Why are you limiting a to the natural numbers?
Also, you have two sets, not a set of ordered pairs.
{a, b | a ∈ R, b = (-3/2)a}
I wasn’t making a complete statement of the entire solution, just an example. Your statement is certainly a. more comprehensive answer; I just didn’t have time and wasn’t in the mood to apply proper set notation.
Stranger
Maybe it would be more clear to the OP, as well as everyone, to consider the related question, “Describe all lines in the plane that intersect the point (3/2, 0).” Then it is geometrically clear what is going on. NB that for vertical lines you cannot write y as a function of x, so geometrically all the answers are parameterised by a projective line, something something
Would you mind telling us which “old high school algebra and trig” books, specifically, you found this problem, perhaps even with the name of the chapter/section in which it was found? The copyright date(s) of the textbooks could also be helpful.
I am not sure I understand what is meant by “solution set” and does the notation “3/2” mean a value of 1.5 or is it shorthand for, I dunno, perhaps those values of a and b where x would equal 3 and also those values were equal to 2?
Of course if the book is for Linear Algebra and the section is on matrix solutions, I am not going to be much help, I never understood matrices, neither in HS or College (and I had more math in college than some math majors).
I believe I can answer that one. Think of a and b as parameters. Given values for them, solve the equation ax+b=0 for x. The set of values of x making this an equation is called the “set of solutions”. Generically, the solution set will consist of a single value, but not always; for example when a=0.
The solution set would be the set of possible values of x that make the equation true. Basically, they’re asking the student to create a simple algebra problem whose solution is “x = 3/2”.
So, a=0 and b=0 would be a trivial answer, correct?
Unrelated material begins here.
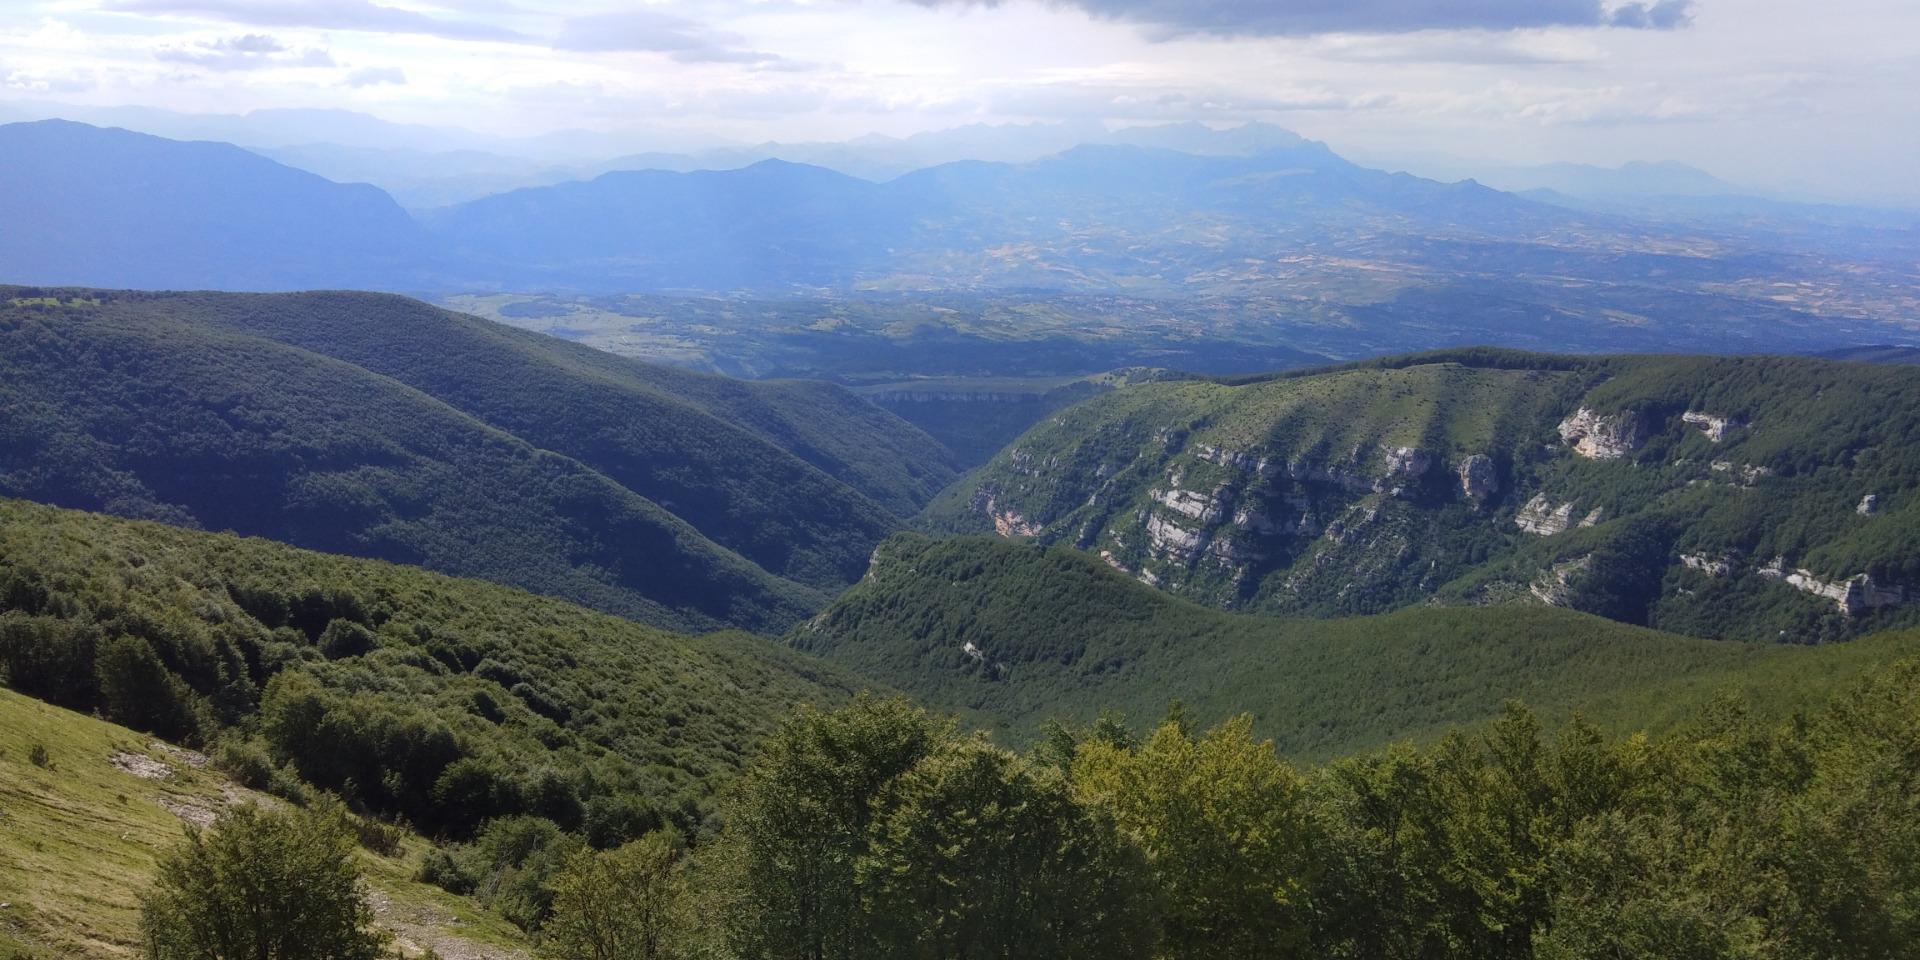 Vista panoramica sulla Majella con montagne verdi e vette coperte da nuvole all'orizzonte

And a=2/3 and b=-1 would be a valid answer? Unless HS algebra has gotten extremely involved since the 1970s, I am not sure what more could be said.
I guess all values where b=-(3/2)a would also be correct, or would that be considered wrong for being too vague as it does not give specific values for a and b?
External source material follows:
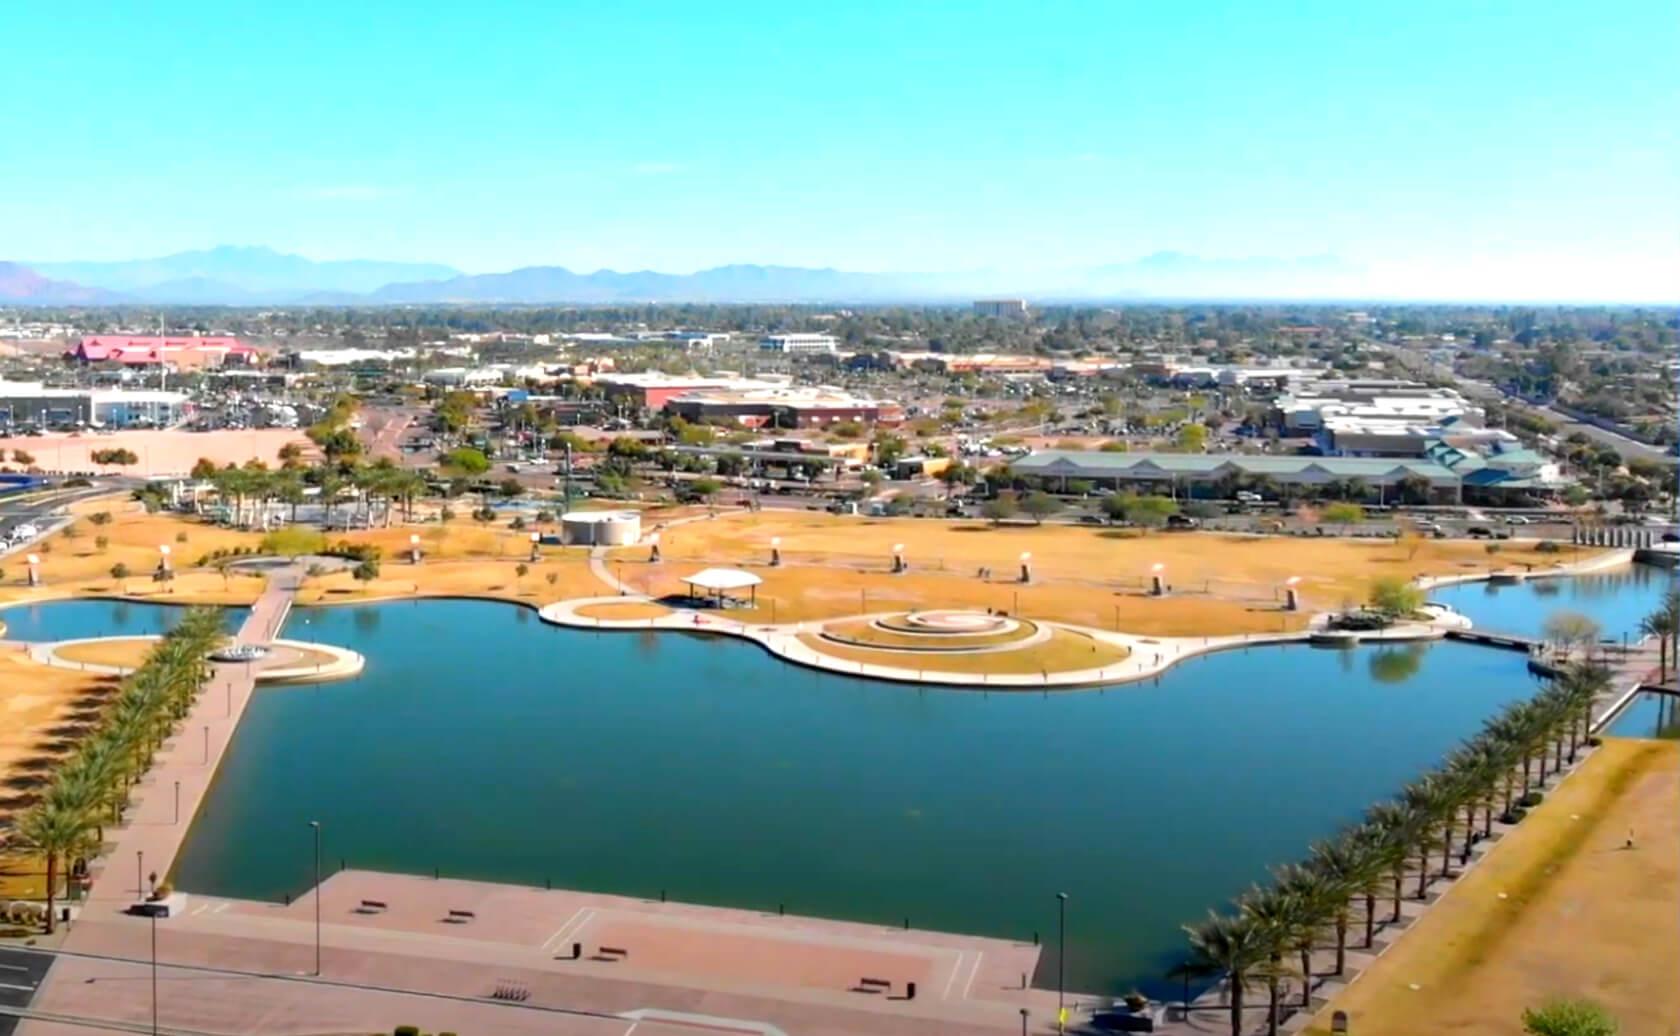 Riverview-Lake-Fishing-Guide-Mesa-AZ-09

Not for the problem quoted in the OP, no. You will have additional solutions when a = b = 0, because any x will work.
Which is what makes it trivial, correct? The solution set is true, but so are all values outside the solution set.
I mean, when b=-3 and a=2, then you solve 2x-3=0 for x; you get x=3/2, or x\in\bigl\{\frac{3}{2}\bigr\} if you will. So far, so good. In the case a=b=0, the solutions are x\in\mathbb{R}, so no good. You want to determine all values of a and b which make the solutions x\in\bigl\{\frac{3}{2}\bigr\}, no bigger and no smaller.
Respectfully submitted for your perusal
From. . . “Fundamentals of Algebra and Trigonometry” by Earl Swokowski. Second edition. 1971. #20 on Page 51 
Ah, yes, and they’re getting at the fact that there are an infinite number of answers when they say “Are these the only possible values of a and b?”. And they’ve clearly dealt with the concept before, given that they have other, similarly-phrased questions.
I’m not questioning your answer, but it seems to me that is a bit much for HS algebra. At least, for the HS algebra they taught in the 1970s.
On review, I believe we are saying the same thing. The answer a=b=0 would have been marked wrong as being a trivial answer in any of my algebra, trig, or calculus classes I had in HS, but either a=2/3 and b=-1 or b=-3 and a=2 would both be acceptable. To me, the additional questions to the problem are vital to understanding.
Finally, looking at the information submitted below by the OP, it seems we are both correct. Incidentally, it is possible that is the text I used in HS.
It’s not wrong because it’s trivial; it’s wrong because it gives the wrong solution set.
The impression I got from the OP is pick a & b so that x = 3/2 is the only solution.